● Problem to solve
From the material below, please set down exactly the lines starting with the one with "I'm always trying" and going on through the one with "Day Drinking Olympic Team - Snapback Hat", without a single picture.

● Records for this exercise
┄┄┄┄┄┄

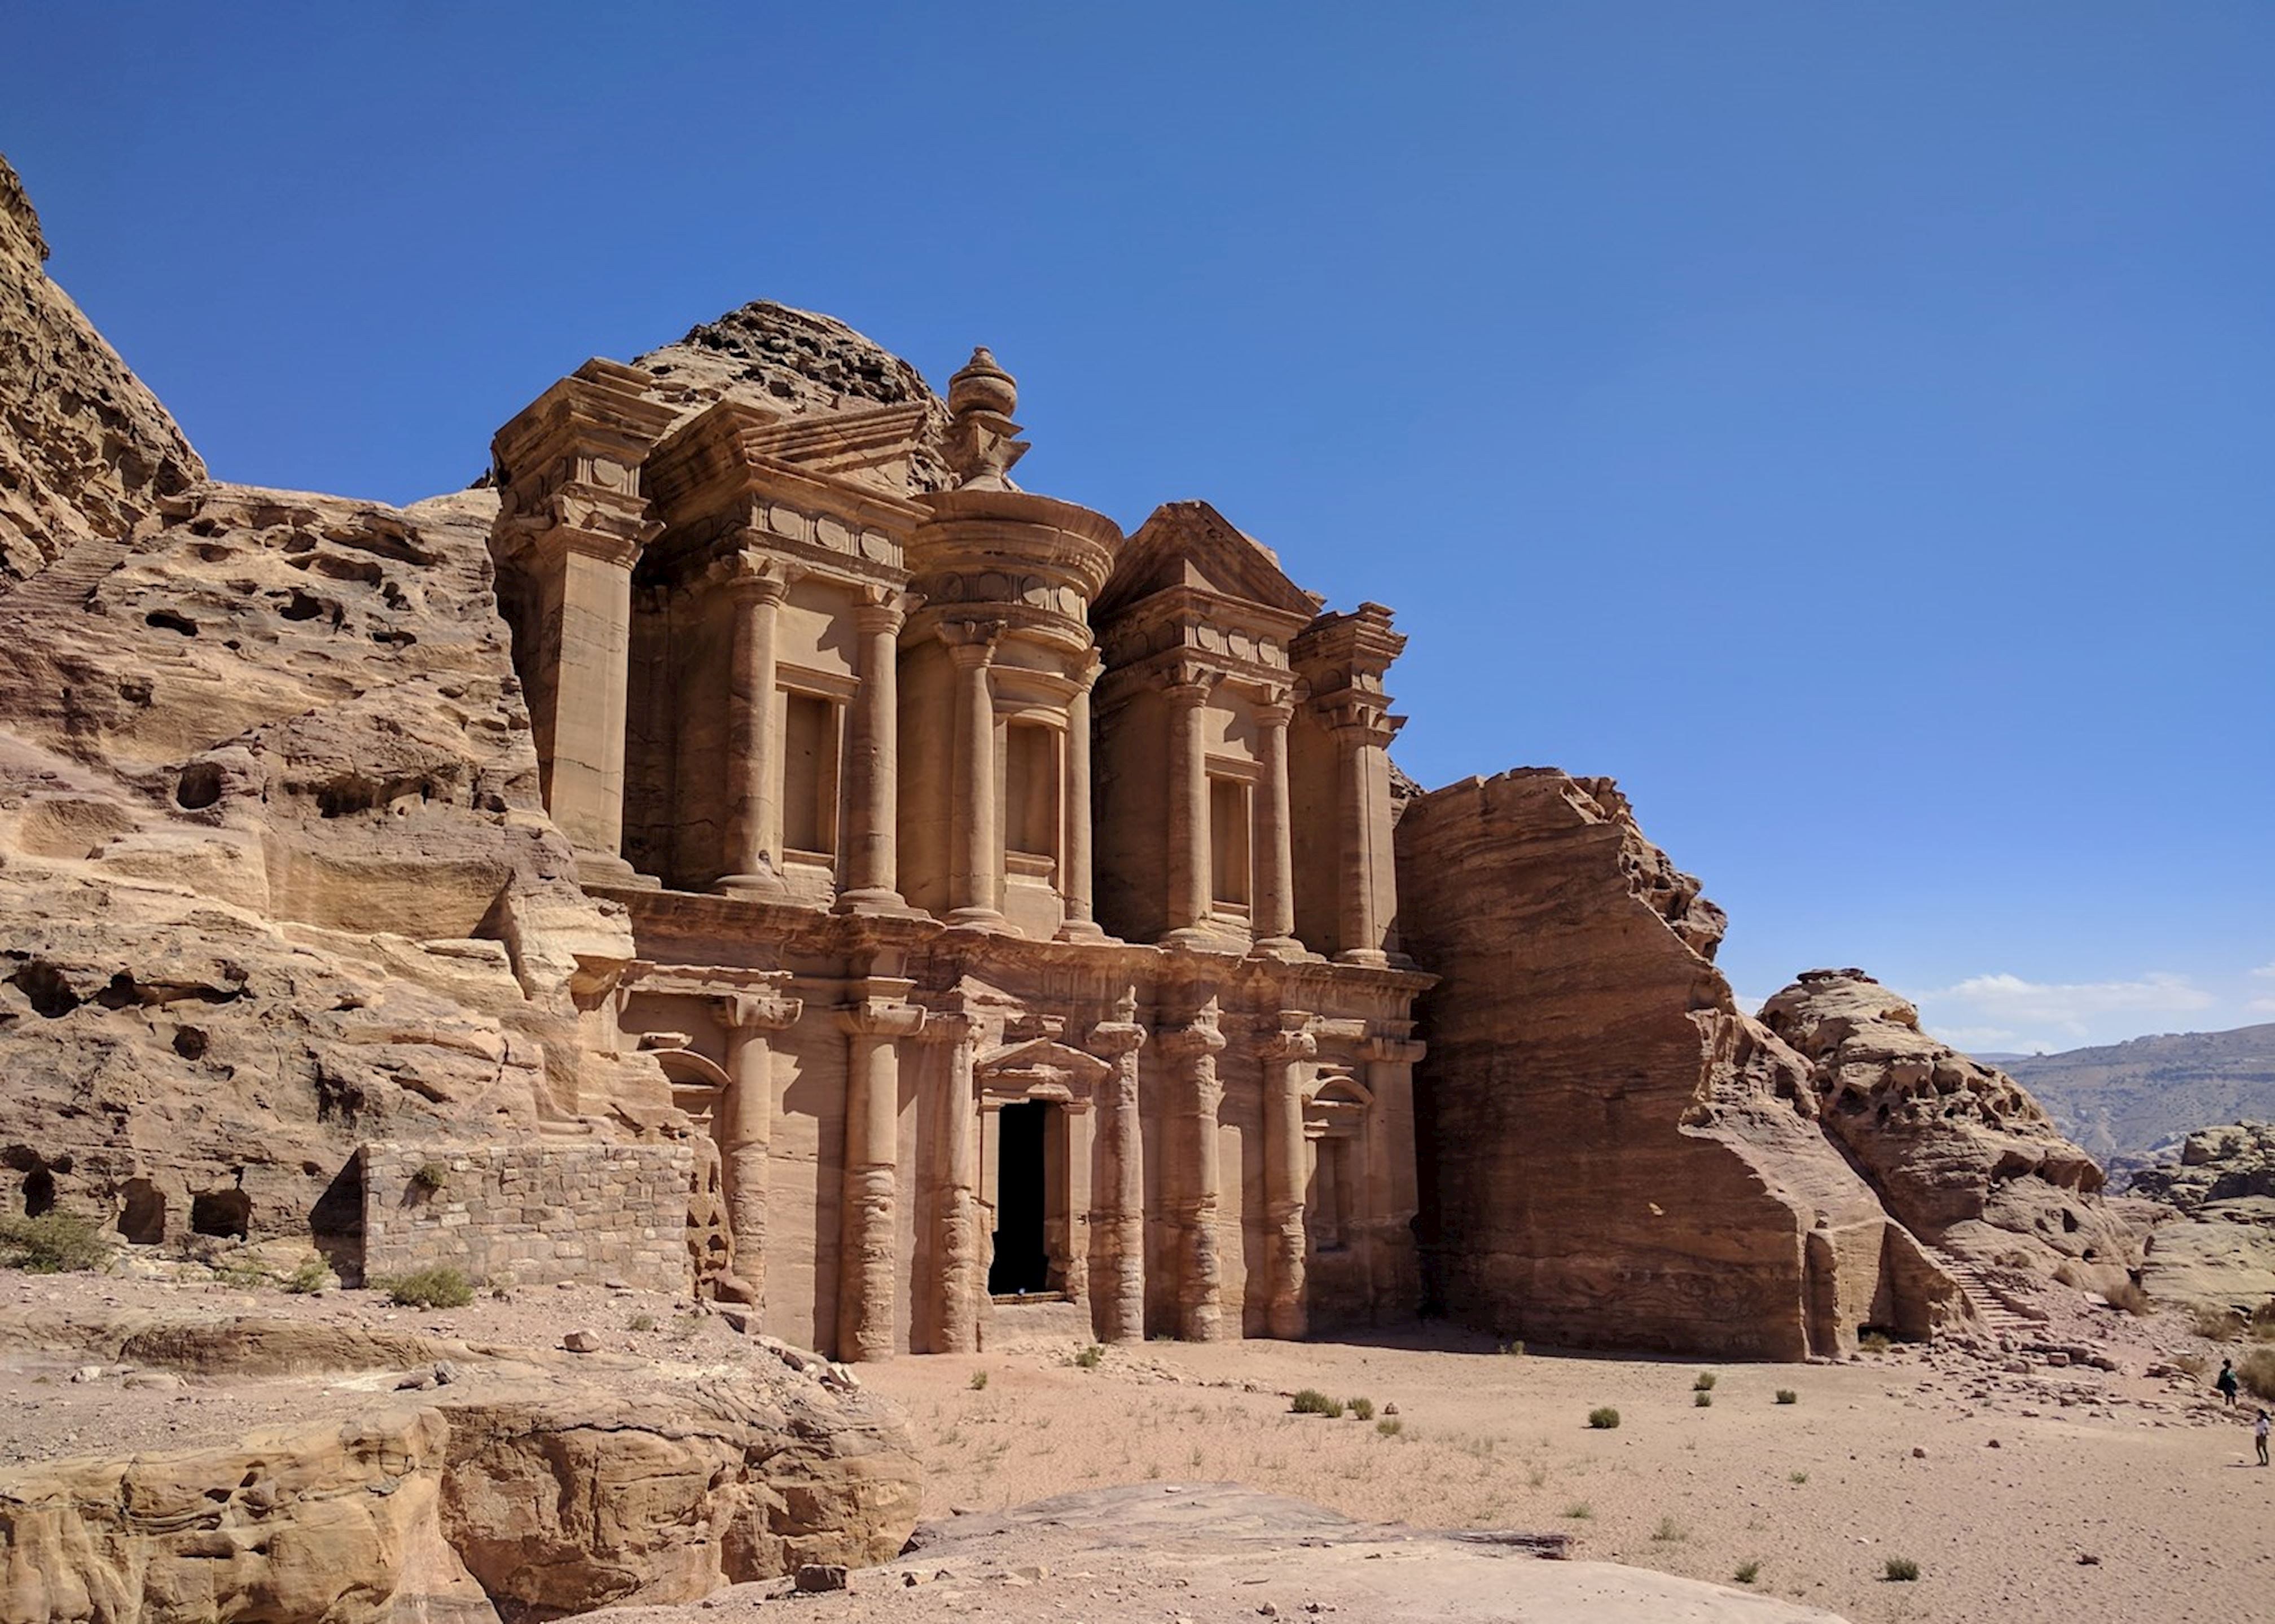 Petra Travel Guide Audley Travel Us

┄┄┄┄┄┄

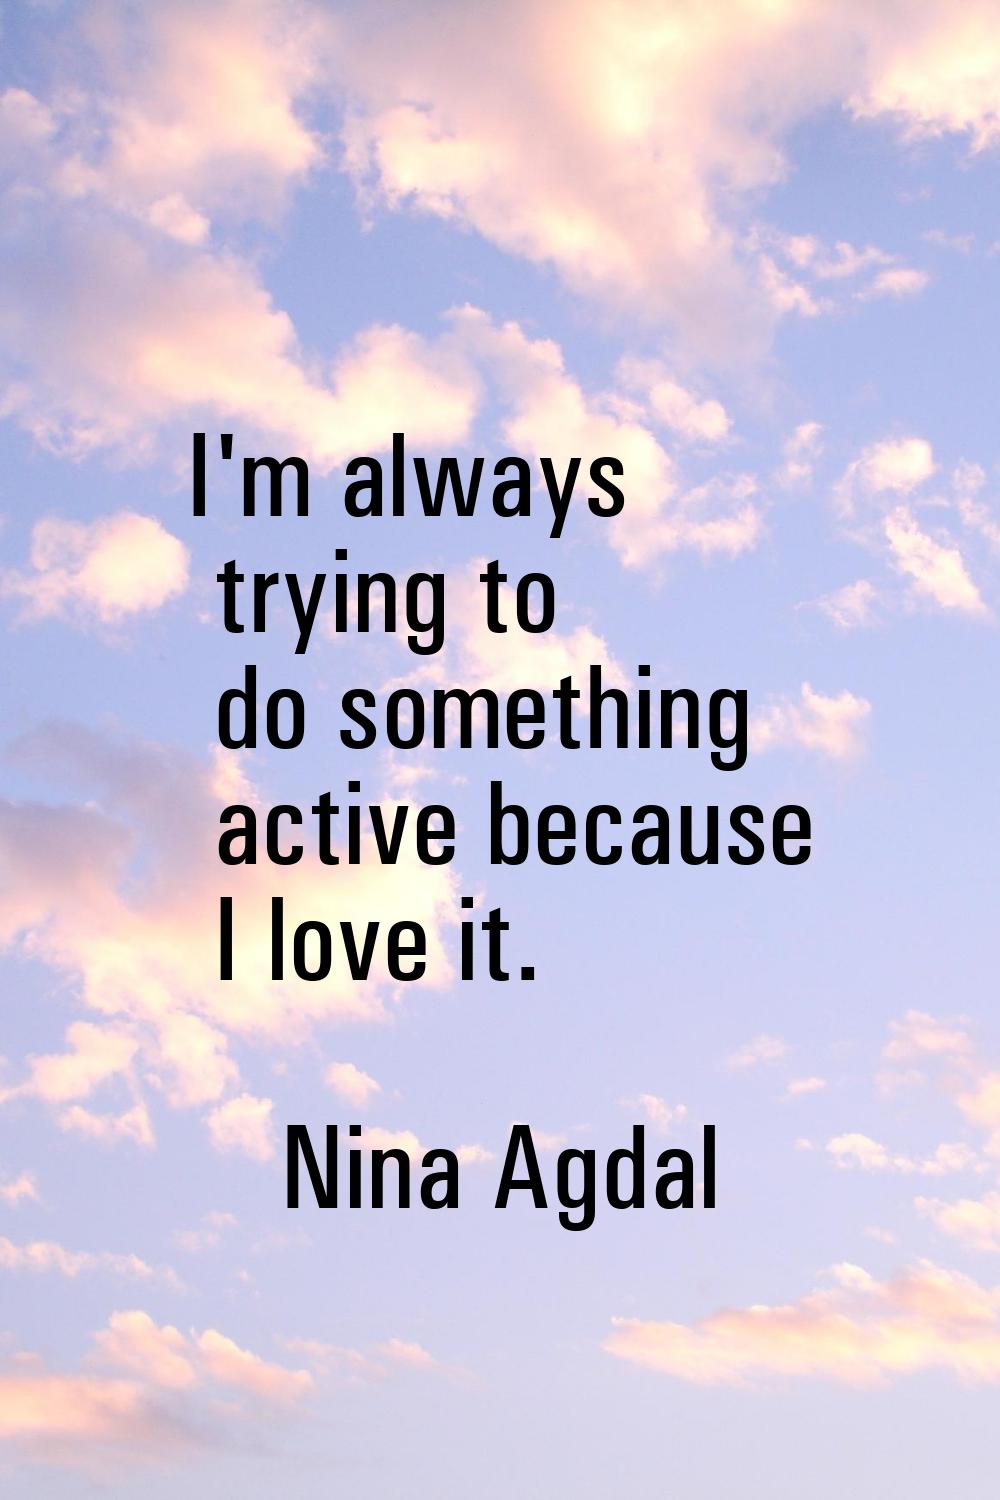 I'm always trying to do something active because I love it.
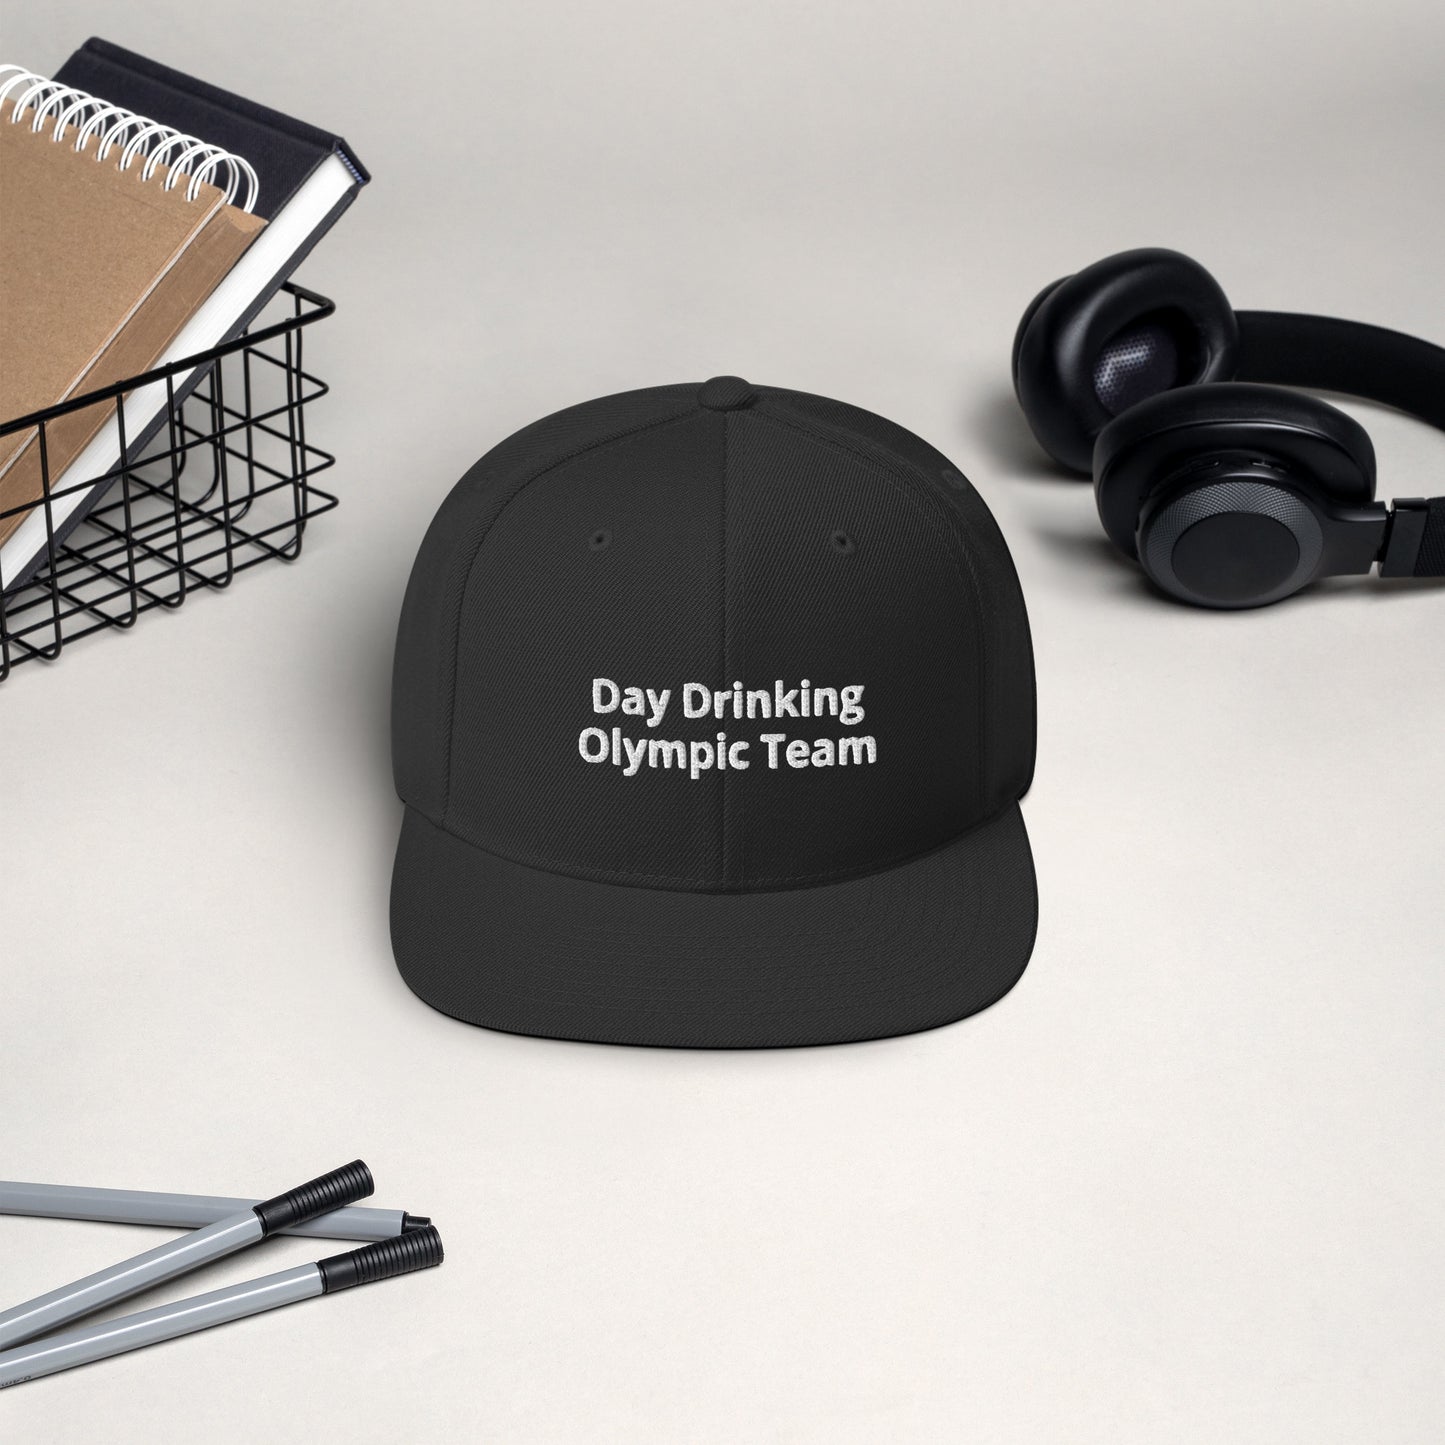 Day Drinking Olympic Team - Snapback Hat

┄┄┄┄┄┄

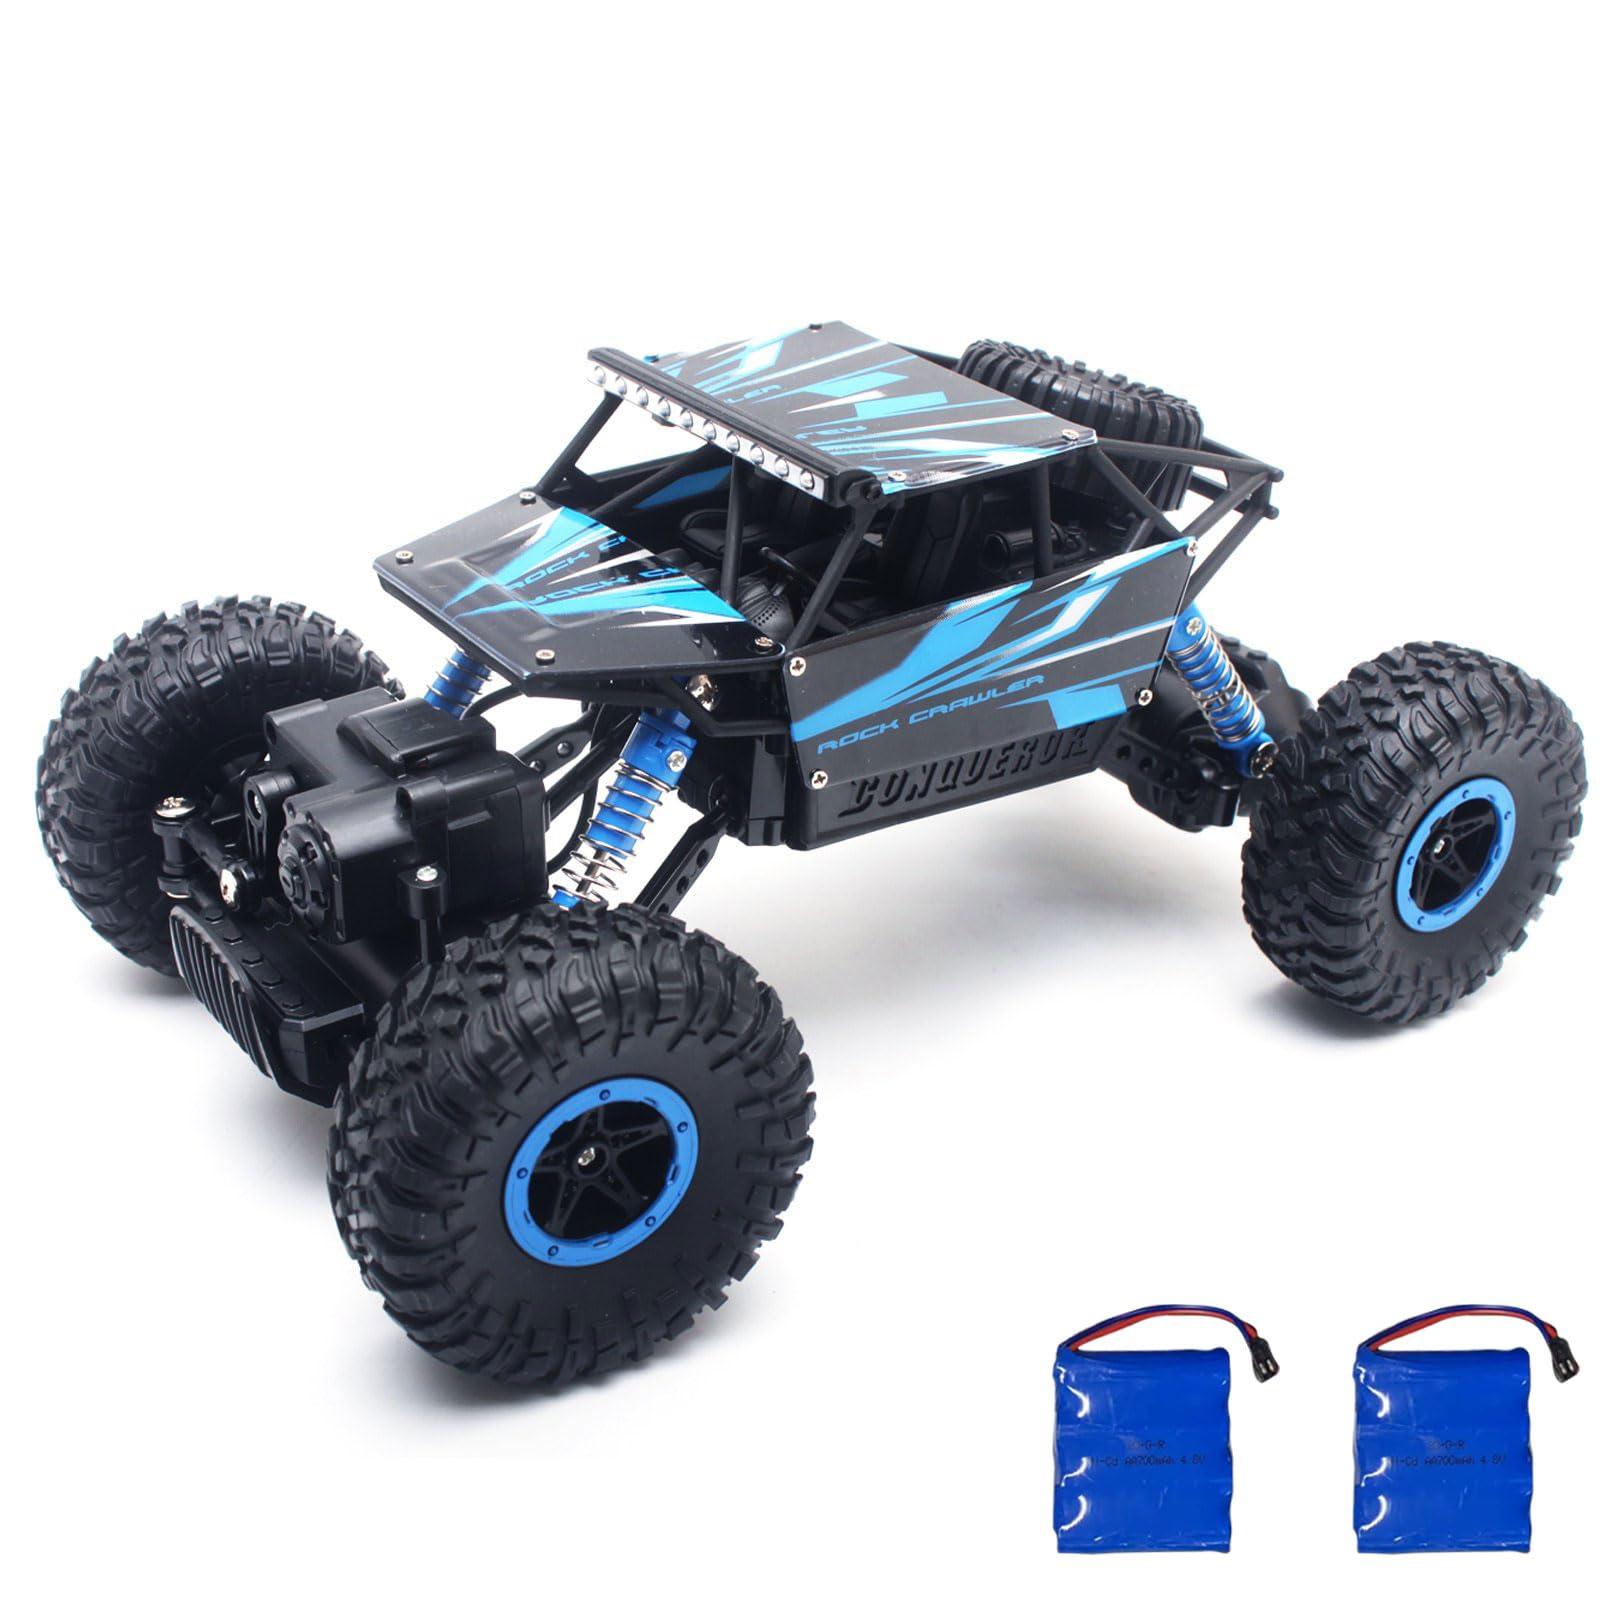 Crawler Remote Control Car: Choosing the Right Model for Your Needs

┄┄┄┄┄┄

● Solution to the exercise
 I'm always trying to do something active because I love it.
 Day Drinking Olympic Team - Snapback Hat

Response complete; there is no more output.